WORK ITEM - Provide again, from the entries below, every line from the one containing "Apple släpper iOS" through the one containing "So sánh xe tải TATA và Towner 800", exactly as written, and no other line.

SUPPLIED RECORDS -
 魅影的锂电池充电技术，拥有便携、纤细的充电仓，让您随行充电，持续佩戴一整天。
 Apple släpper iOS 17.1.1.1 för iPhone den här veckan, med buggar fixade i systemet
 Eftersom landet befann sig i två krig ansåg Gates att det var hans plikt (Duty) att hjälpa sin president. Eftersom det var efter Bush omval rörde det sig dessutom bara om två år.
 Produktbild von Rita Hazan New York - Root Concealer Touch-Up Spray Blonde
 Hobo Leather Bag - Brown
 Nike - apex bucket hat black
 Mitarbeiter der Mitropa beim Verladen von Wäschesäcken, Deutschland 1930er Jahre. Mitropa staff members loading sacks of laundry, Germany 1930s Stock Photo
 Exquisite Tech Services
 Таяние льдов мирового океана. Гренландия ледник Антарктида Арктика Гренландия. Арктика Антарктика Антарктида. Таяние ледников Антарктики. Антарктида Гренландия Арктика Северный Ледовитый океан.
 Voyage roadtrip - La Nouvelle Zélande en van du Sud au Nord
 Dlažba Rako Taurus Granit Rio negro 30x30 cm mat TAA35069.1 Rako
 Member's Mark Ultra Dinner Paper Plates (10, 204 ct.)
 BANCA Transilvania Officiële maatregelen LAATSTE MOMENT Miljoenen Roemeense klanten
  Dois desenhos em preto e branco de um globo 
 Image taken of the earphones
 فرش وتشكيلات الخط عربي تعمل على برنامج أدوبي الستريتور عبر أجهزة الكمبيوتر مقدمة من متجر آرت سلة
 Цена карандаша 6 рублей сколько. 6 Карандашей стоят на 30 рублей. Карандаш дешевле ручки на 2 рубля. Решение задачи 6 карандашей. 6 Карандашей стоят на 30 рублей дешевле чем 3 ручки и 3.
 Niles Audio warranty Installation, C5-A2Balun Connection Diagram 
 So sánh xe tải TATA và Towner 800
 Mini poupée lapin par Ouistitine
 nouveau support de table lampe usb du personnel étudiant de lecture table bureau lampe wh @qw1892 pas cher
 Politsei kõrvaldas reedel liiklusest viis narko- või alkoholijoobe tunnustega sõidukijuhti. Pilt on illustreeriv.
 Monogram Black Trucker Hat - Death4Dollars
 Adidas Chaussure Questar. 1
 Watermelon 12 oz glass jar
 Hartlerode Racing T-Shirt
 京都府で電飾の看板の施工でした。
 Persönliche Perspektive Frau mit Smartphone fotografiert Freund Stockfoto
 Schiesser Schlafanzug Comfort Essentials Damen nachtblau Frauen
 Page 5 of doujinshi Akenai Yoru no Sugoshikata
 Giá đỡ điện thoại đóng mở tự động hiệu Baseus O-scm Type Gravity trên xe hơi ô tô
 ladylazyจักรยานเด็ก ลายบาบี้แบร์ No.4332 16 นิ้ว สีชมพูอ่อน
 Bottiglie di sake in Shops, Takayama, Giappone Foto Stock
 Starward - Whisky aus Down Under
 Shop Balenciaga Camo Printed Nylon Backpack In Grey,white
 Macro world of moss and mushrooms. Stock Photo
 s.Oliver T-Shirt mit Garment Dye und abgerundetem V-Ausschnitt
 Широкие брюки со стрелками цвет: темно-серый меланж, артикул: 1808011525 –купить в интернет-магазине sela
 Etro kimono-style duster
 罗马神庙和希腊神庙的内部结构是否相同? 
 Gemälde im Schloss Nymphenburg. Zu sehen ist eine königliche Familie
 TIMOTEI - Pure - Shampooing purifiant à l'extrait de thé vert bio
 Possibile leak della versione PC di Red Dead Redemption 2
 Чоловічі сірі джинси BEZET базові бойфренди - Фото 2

RESULT -
 Apple släpper iOS 17.1.1.1 för iPhone den här veckan, med buggar fixade i systemet
 Eftersom landet befann sig i två krig ansåg Gates att det var hans plikt (Duty) att hjälpa sin president. Eftersom det var efter Bush omval rörde det sig dessutom bara om två år.
 Produktbild von Rita Hazan New York - Root Concealer Touch-Up Spray Blonde
 Hobo Leather Bag - Brown
 Nike - apex bucket hat black
 Mitarbeiter der Mitropa beim Verladen von Wäschesäcken, Deutschland 1930er Jahre. Mitropa staff members loading sacks of laundry, Germany 1930s Stock Photo
 Exquisite Tech Services
 Таяние льдов мирового океана. Гренландия ледник Антарктида Арктика Гренландия. Арктика Антарктика Антарктида. Таяние ледников Антарктики. Антарктида Гренландия Арктика Северный Ледовитый океан.
 Voyage roadtrip - La Nouvelle Zélande en van du Sud au Nord
 Dlažba Rako Taurus Granit Rio negro 30x30 cm mat TAA35069.1 Rako
 Member's Mark Ultra Dinner Paper Plates (10, 204 ct.)
 BANCA Transilvania Officiële maatregelen LAATSTE MOMENT Miljoenen Roemeense klanten
  Dois desenhos em preto e branco de um globo 
 Image taken of the earphones
 فرش وتشكيلات الخط عربي تعمل على برنامج أدوبي الستريتور عبر أجهزة الكمبيوتر مقدمة من متجر آرت سلة
 Цена карандаша 6 рублей сколько. 6 Карандашей стоят на 30 рублей. Карандаш дешевле ручки на 2 рубля. Решение задачи 6 карандашей. 6 Карандашей стоят на 30 рублей дешевле чем 3 ручки и 3.
 Niles Audio warranty Installation, C5-A2Balun Connection Diagram 
 So sánh xe tải TATA và Towner 800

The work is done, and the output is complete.